[Plugin] OpenDocHTMLImport - Full ODF HTML(Writer) conversion to epub - Page 5

KevinH · 01-15-2017, 09:42 AM

Quote:

Originally Posted by slowsmile

@Kevin & @DiapDealer.
I found out that the Windows NTFS file system(used on Windows 7, 8 & 10) uses UTF16 for all file names.

See Doitsus test case. It works properly.

No worries about utf-8 vs utf-16, as both encodings can encode every codepoint in the full unicode. That is simply not true of any of the single byte encodings.

So somehow you are reading or writing filenames/paths as latin 1 encodings.

I will take a look a look at it.

KevinH

bravosx · 01-15-2017, 09:53 AM

@Doitsu...
To your file test.epub allowed myself to add a section with Polish characters in the tests.

Regards bravosx

st_albert · 01-15-2017, 11:28 AM

Quote:

Originally Posted by slowsmile

@st_albert...

If that doesn't cure your problem, could you please attach your html file and attach the equivalent in an ODT file in your next post showing just the problem area -- consisting of just one complete chapter with heading -- in your next post so I can have a look at the formatting? .

Still no joy. I will attach the files below, in a zip archive.

By the way, the novel is copyrighted, but I have permission from the publisher to upload this sample, which contains only the first three chapters.

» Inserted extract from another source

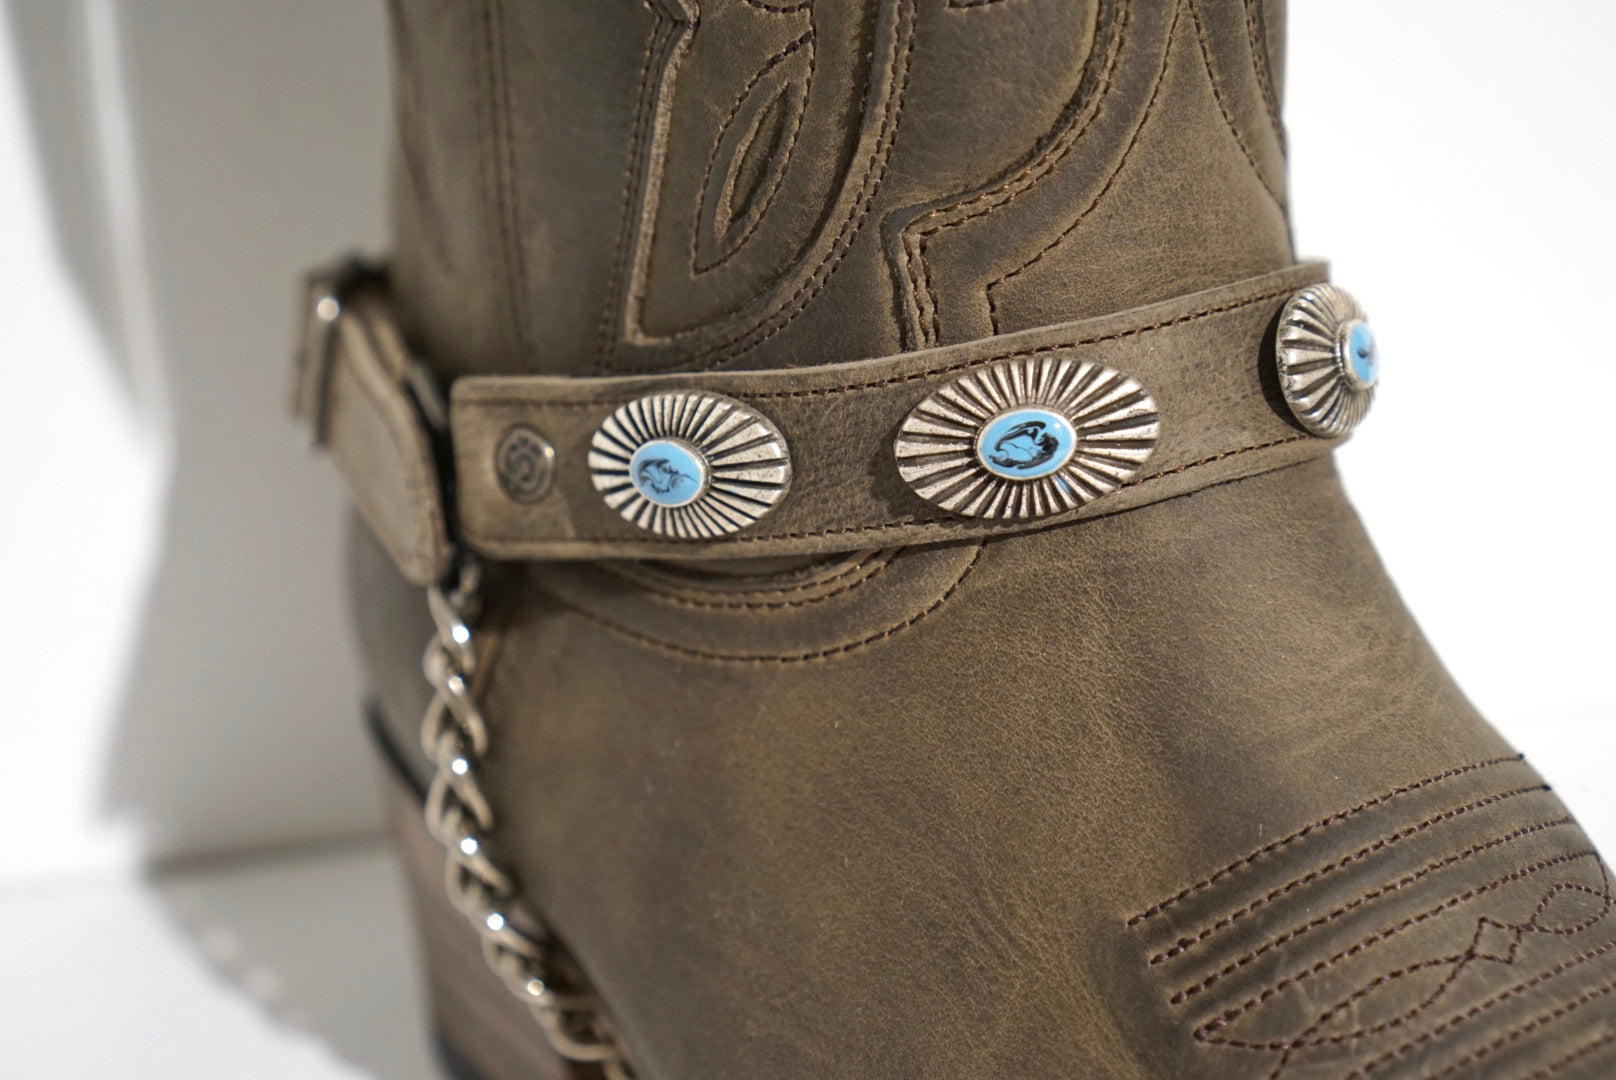 Sendra spurs - taupe with turquoise accents

The .html and .odt files contain the frontmatter, which is properly included in the .epub, and the first three chapters, which are not included (although they appear in the toc.ncx and contents.xhtml as they should).

Hope this helps.

Albert

KevinH · 01-15-2017, 02:01 PM

@slowsmile

Quick question .. why do you need to use bs4 to convert to utf8 here?

Code:

def convertFile2UTF8(wdir, file, encoder):
    """ Converts input file to utf-8 format
    """
    print(' -- Convert input file to utf-8 if required')
    
    original_filename = file
    output = wdir + os.sep + 'fix_encoding.htm'
    outfp = open(output, 'wt', encoding=('utf-8'))
    html = open(file, 'rt', encoding=encoder).read()  
    
    # safely convert to unicode utf-8 using bs4
    soup = BeautifulSoup(html, 'html.parser')
    outfp.writelines(str(soup))
    
    outfp.close()          
    os.remove(file)
    shutil.copy(output, file)        
    os.remove(output)
    
    return(file)

It seems a strange way to do the conversion when you know the encoding.

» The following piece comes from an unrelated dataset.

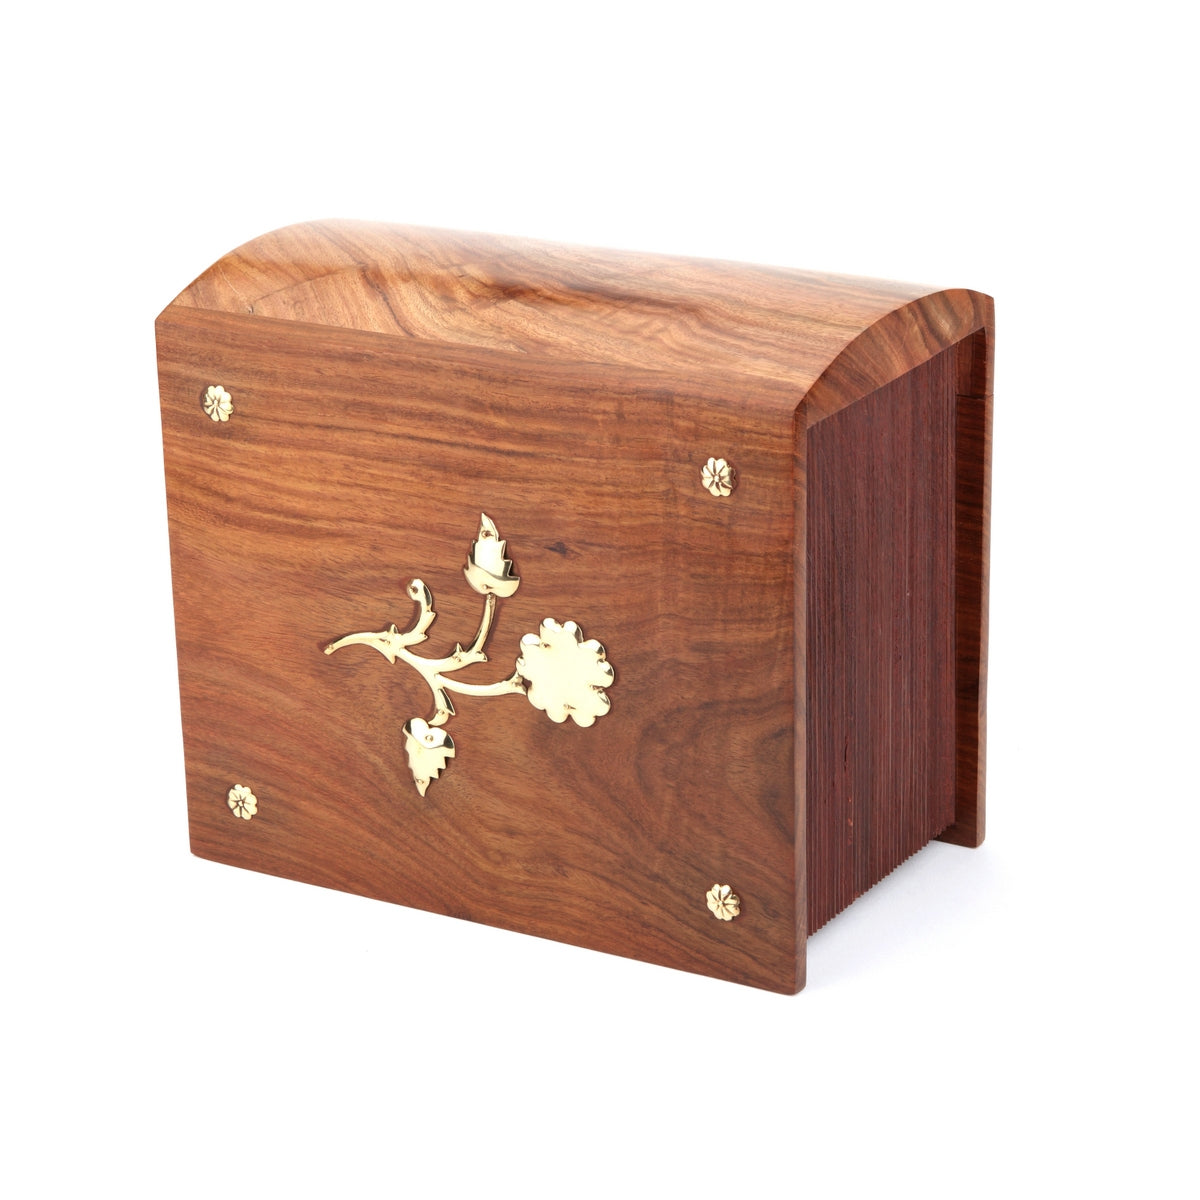 ADULT WOODEN CREMATION URNS FOR ASHES IN THE MEMORY OF YOUR LOVELY BOND SHARED

A short way to handle this might be to use the built in text encoding conversion when writing to and reading from files as so

Code:

    with open(file, 'rt', encoding=encoder) as f1:
        htmldat=f1.read()  
    with open(wdir + os.sep + 'fix_encoding.htm', 'wt', encoding=('utf-8')) as f2:
       f2.write(htmldat)

Or you can read in the file as bytes with binary and write it back as utf-8 using the built in bytes .decode() and string .encode() python capability:

Code:

    htmldat = open(file, 'rb').read()
    # decode converts bytes to string
    htmlstr = htmldat.decode(encoder)
    # encode converts a string to bytes in that encoding
    with open(file, 'wb') as f:
        f.write(htmlstr.encode('utf-8'))

Either would work, unless there is something else specific you are trying to achieve by having bs4 parse the entire thing and then convert it all back to unicode?

Just wondering?

KevinH

slowsmile · 01-15-2017, 05:54 PM

@KevinH...I use BS to assure conversion of the html file to Unicode UTF8.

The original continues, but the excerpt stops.